MCAR_test <- TestMCARNormality(data = data, method = "Nonparametric")
MCAR_test$pnormality
## [1] 0.3634555
The nonparametric test of homoscedasticity results in high p-value (0.3635) so we fail to reject the null hypothesis that there is no evidence of heteroscedasticity. Thus, we can conclude that there is no evidence that data are not MCAR and we could use listwise deletion of the data or maximum likelihood (ML) or Bayesian multiple imputation (MI). Because the data are MCAR, listwise deletion should not cause any bias. However, it implies throwing out of the analysis over 15% of observations. In order not to lose these informations, Multiple imputation will be generated.
imputed_Data <- mice(data, m=5, maxit = 50, method = 'pmm', seed = 500)
data <- complete(imputed_Data)
Having imputed missing values, I will plot bar chart on full dataset for each variable.
melt.data <- melt(data, id.vars = NULL)
ggplot(data = melt.data) +
geom_bar(aes(x = value)) +
theme_classic() +
xlab(label = NULL) + ylab(label = NULL) + ggtitle("Frequency distribution of answers by categories") +
theme(plot.title = element_text(hjust = 0.5, size = 14)) +
facet_wrap(~ variable, scales = "free", ncol = 4)
The barcharts show quite clearly that variables have various distributions. There are as well hobbies that are generally appreciated, eg. spending time with friends and browsing the Internet as hobbies that are mostly disliked, eg. writing and gardening. There are also hobbies that are distributed quite evenly, like adrenaline sports.
To understand data more profoundly, I will also plot correlation plot. As the data is ordinal, I will be using Spearman’s Rank Correlation Coefficient.
cor.matrix <- cor(data, method = c("spearman"))
corrplot(cor.matrix, type = "lower", order = "hclust", tl.col = "black", tl.cex = 0.5)
The correlation plot has been ordered in hierarchical clustering order. The strongest correlation seems to be between chemistry and biology, biology and medicine, chemistry and medine, mathematics and physics.
To visualize the level of similarity of individual hobbies, firstly I will generate the correlation matrix. Then I will convert similarities to dissimilarities, which later I will use in MDS.

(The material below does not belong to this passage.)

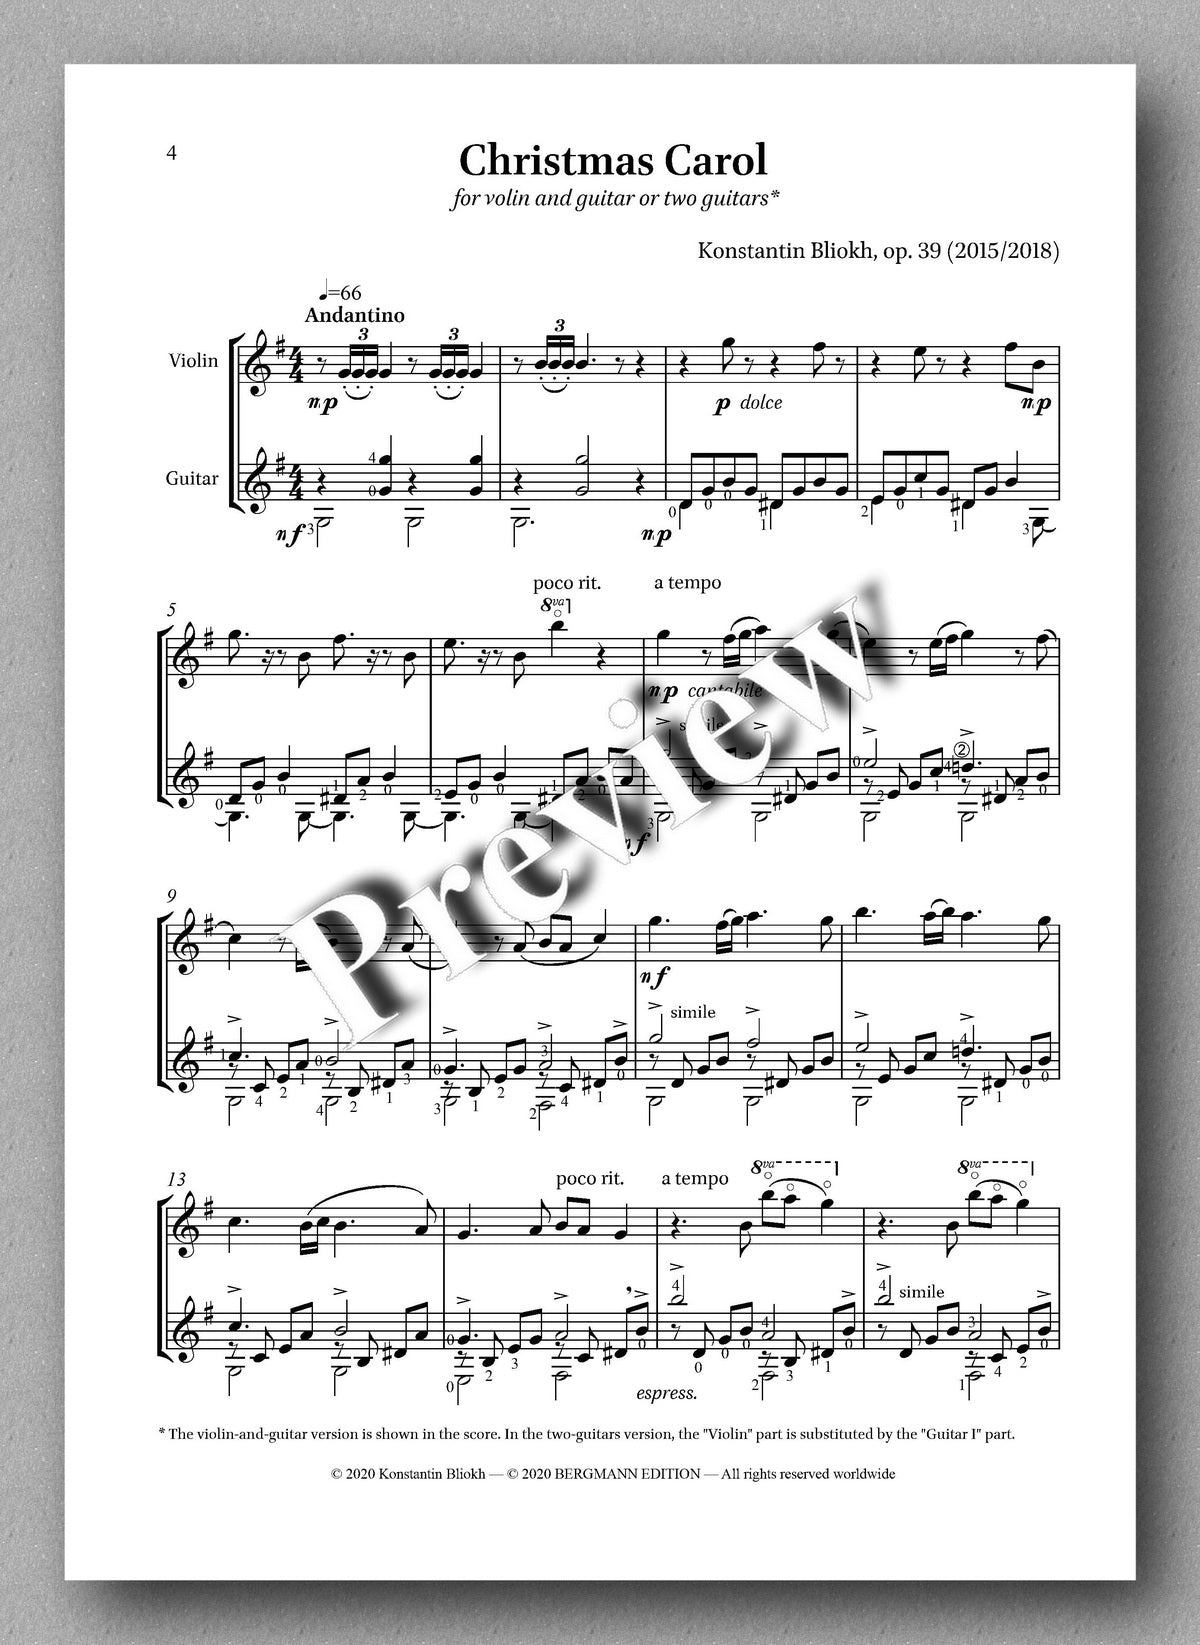 Konstantin Bliokh, Christmas Carol, op. 39 - music score

sim <-cor(data, method = "spearman") # Correlation Matrix
delta <- sim2diss(sim, method = 1, to.dist = TRUE) # Observed dissimilarities, not normalized
fit.data <- mds(delta, ndim = 2, type = "ordinal") # MDS for ordinal data
Stress per point (in %):
print(fit.data$spp, digits = 2)
## History Psychology Politics
## 4.88 3.38 4.89
## Mathematics Physics Internet
## 2.98 2.24 3.79
## PC Economy.Management Biology
## 1.70 4.47 4.22
## Chemistry Reading Geography
## 3.76 1.95 2.38
## Foreign.languages Medicine Law
## 5.09 2.76 3.30
## Cars Art.exhibitions Religion
## 1.34 0.95 1.97
## Countryside..outdoors Dancing Musical.instruments
## 4.11 2.29 3.61
## Writing Passive.sport Active.sport
## 1.85 3.73 4.48
## Gardening Celebrities Shopping
## 5.14 2.33 2.08
## Science.and.technology Theatre Fun.with.friends
## 1.94 1.68 2.74
## Adrenaline.sports Pets
## 2.83 5.15
Total stress:
print(fit.data$stress)
## [1] 0.2332024
df <- as.data.frame(fit.data$conf)
df$label <- rownames(df)
ggplot(df, aes(D1, D2, label = label)) +
geom_point(color = "red") +
geom_text_repel() +
theme_classic() +
ggtitle("Plot 1. Configuration Plot\n") +
theme(plot.title = element_text(hjust = 0.5, size = 12),
panel.background = element_rect(fill = "white", colour = "grey50", linetype = "dashed"))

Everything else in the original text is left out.